Directions for this task. Restate word for word the lines of the records below, starting at the line that contains "2020田佳鑫郑州音乐会演出详情（时间、地点、票价）一览-黄河票务网" and ending at the line that contains "Village of Saighton, Cheshire, England.", with both of those lines included and nothing else.

───── Data shown

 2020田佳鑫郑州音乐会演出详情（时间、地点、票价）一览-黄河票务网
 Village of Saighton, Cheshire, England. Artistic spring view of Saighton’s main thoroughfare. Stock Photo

──────────
───── Data shown

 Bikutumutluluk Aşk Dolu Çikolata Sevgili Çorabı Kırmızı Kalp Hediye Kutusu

──────────
───── Data shown

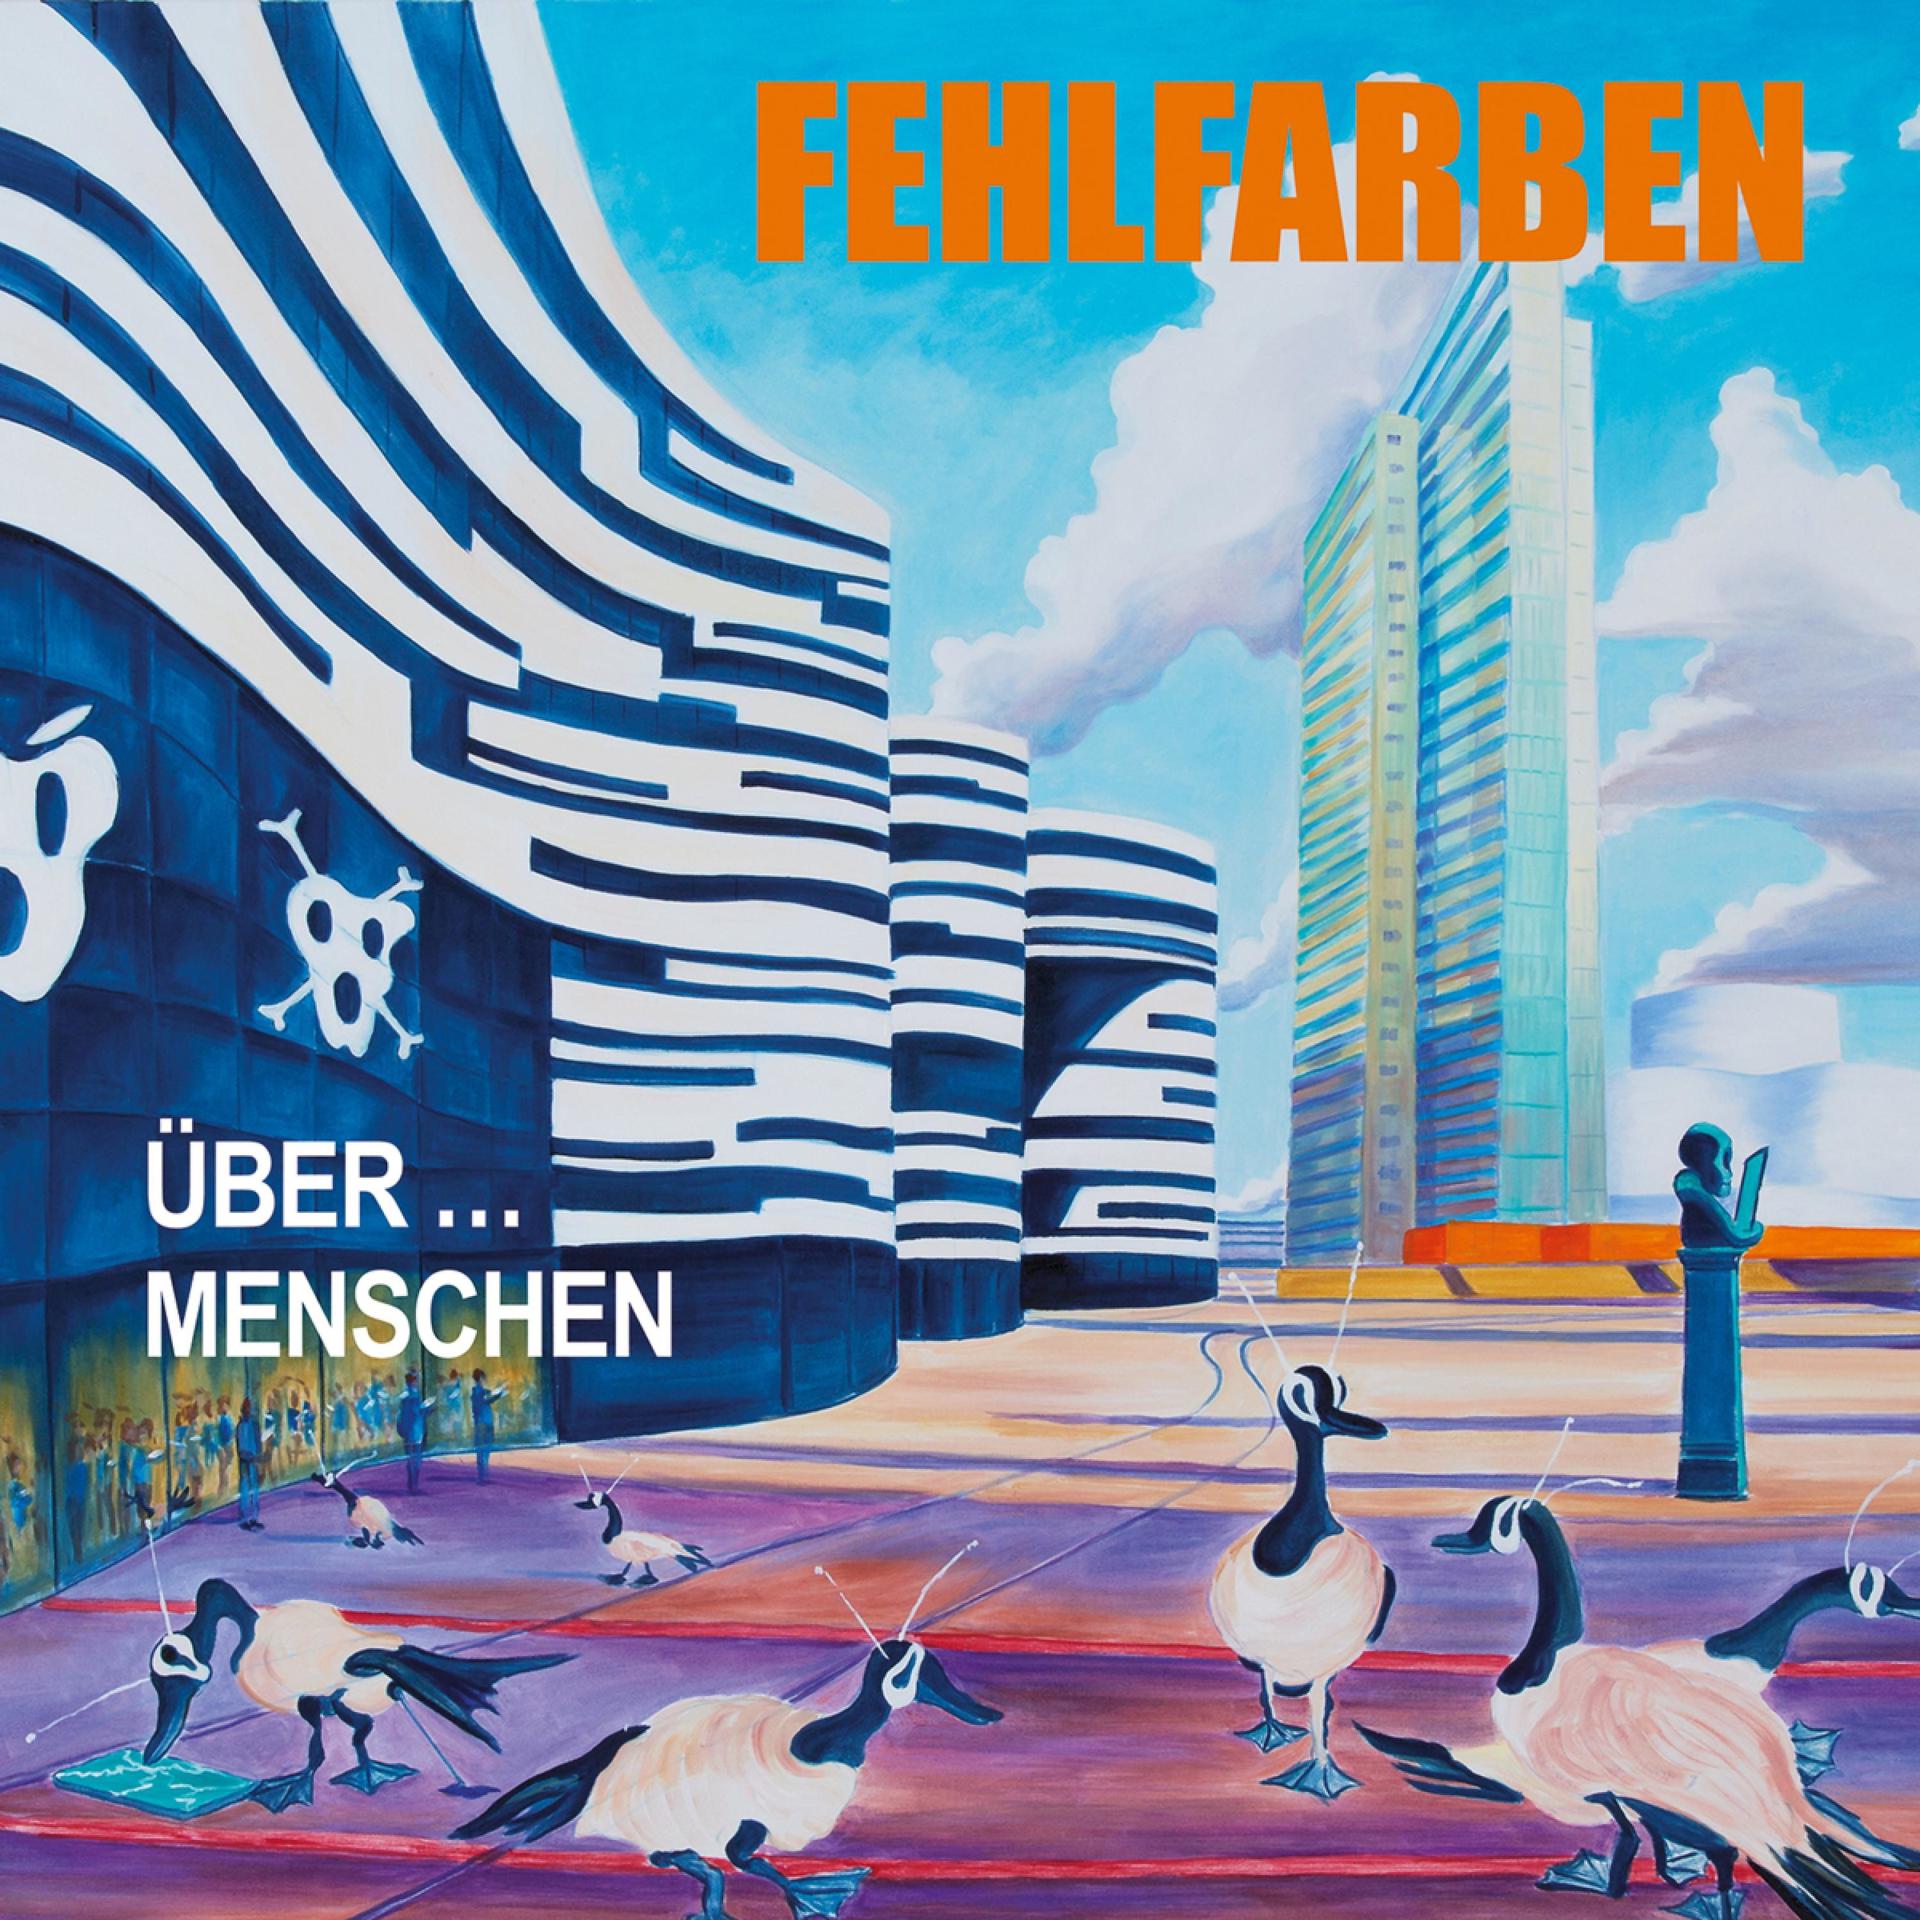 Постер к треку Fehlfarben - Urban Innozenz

──────────

Expected output.
 2020田佳鑫郑州音乐会演出详情（时间、地点、票价）一览-黄河票务网
 Village of Saighton, Cheshire, England. Artistic spring view of Saighton’s main thoroughfare. Stock Photo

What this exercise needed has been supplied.